Do I have time for meals? Can I get from SoC to U-Town in time? Is my free day worth taking 6 hours straight of lessons?

If so, don't trouble yourself, this app is for you!

What it does

NUSoptimizer allows the user to plan his timetable easily with just a few clicks. The user need only enter the modules he's taking, and the app will use the NUSMODS API to generate an efficient timetable, retrieving all lesson times and assigning them to slots, taking into account things like travel distance, length of day, breaks and free days.

How we built it

The entire app is built upon Javascript and HTML/CSS.

We split the program into 3 different parts for each of the team members. The first part is the GUI, where the users can interact and plan their timetables. The second part is the API for capturing the various timetables of different modules that users request for. The last is the optimisation function.

The GUI was built similar to's format, which is a timetable with all the lessons blocked out. We liked it since it was intuitive to understand the timetables assigned, so we adapted their style for our program.

We made use of a bootstrap framework called Foundation by Zurb (, which combines Sass (the CSS preprocessor), jQuery, and Grunt together for really easy workflow. Javascript and Sass files are combined and minified on the go with the help of Grunt runner, to minimise HTTP requests and overhead. At the same time, we made extensive use of jQuery and jQuery UI with its powerful library to handle events and user interaction.

We also made extensive use of NUSMods' API (, to retrieve module information.

Lastly, the optimisation function takes the module data, and chooses timetables based on certain heuristics, such as ease of travel, number of free days, as well as the amount of breaks. Instead of brute-forcing all the scenarios which will take a long time, we used a probabilistic method to find good-enough optimisations, allowing for acceptable timetables in a short time, rather than a marginally better one for a much longer time.

Challenges we ran into

We ran into countless problems along the way, but we were glad to overcome/work around most of them. The biggest problem we faced was the asynchronous nature of AJAX requests, and working to make multiple AJAX calls simultaneously, while making sure that our code stayed elegant and not running into callback hell.

Accomplishments that we're proud of

Being able to complete a full-blown project in just 24 hours!!! :)

What we learned

In school assignments, we've always been learning how to program alone, in our own ways and styles. However, in this project, we all have different skills, such as experience with JQuery, or coming up with optimisation algorithms, and we have to bring all our skills together in one project. In this project, we had to learn how to program different parts of site such that it is easy to "assemble" as one coherent tool. There were some hitches along the way, for instance adapting procedural code into asynchronous code in JQuery, but overall we managed to make a working prototype for the project.

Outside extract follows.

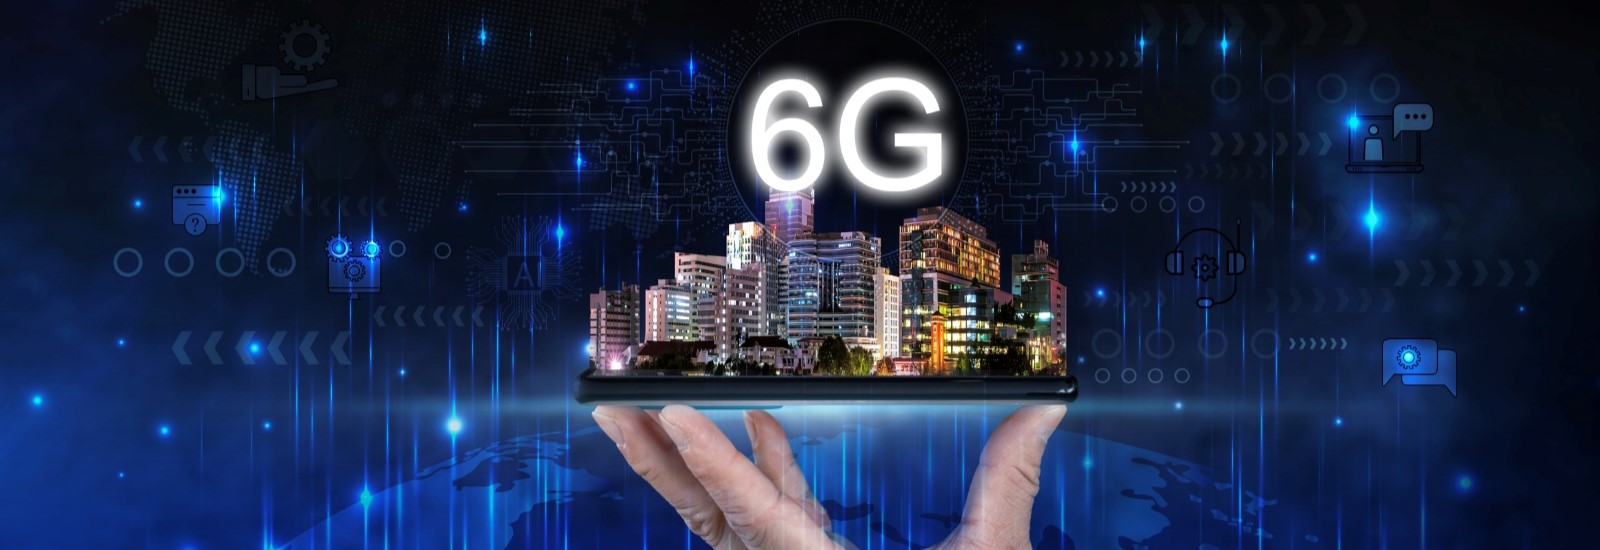 4月23日、3GPPが次世代移動通信システム「6G」のロゴを発表

What's next for NUSoptimeizer

NUSoptimeizer is meant for all NUS students to help them save time in coming up with their semesters' timetables, as well as timetable contingency plans. Various heuristics such as free days, ease of travel and meal timings are all visualized to help students choose a timetable that is just right for them, minus the hassle of figuring it all out.

NUSoptimeizer is also coded in an adaptable format such that it is easy for other people to make use of the very same code to plan their own university timetables. We hope that NUSoptimeizer doesn't remain for NUS students alone, but becomes a platform for others to benefit from too.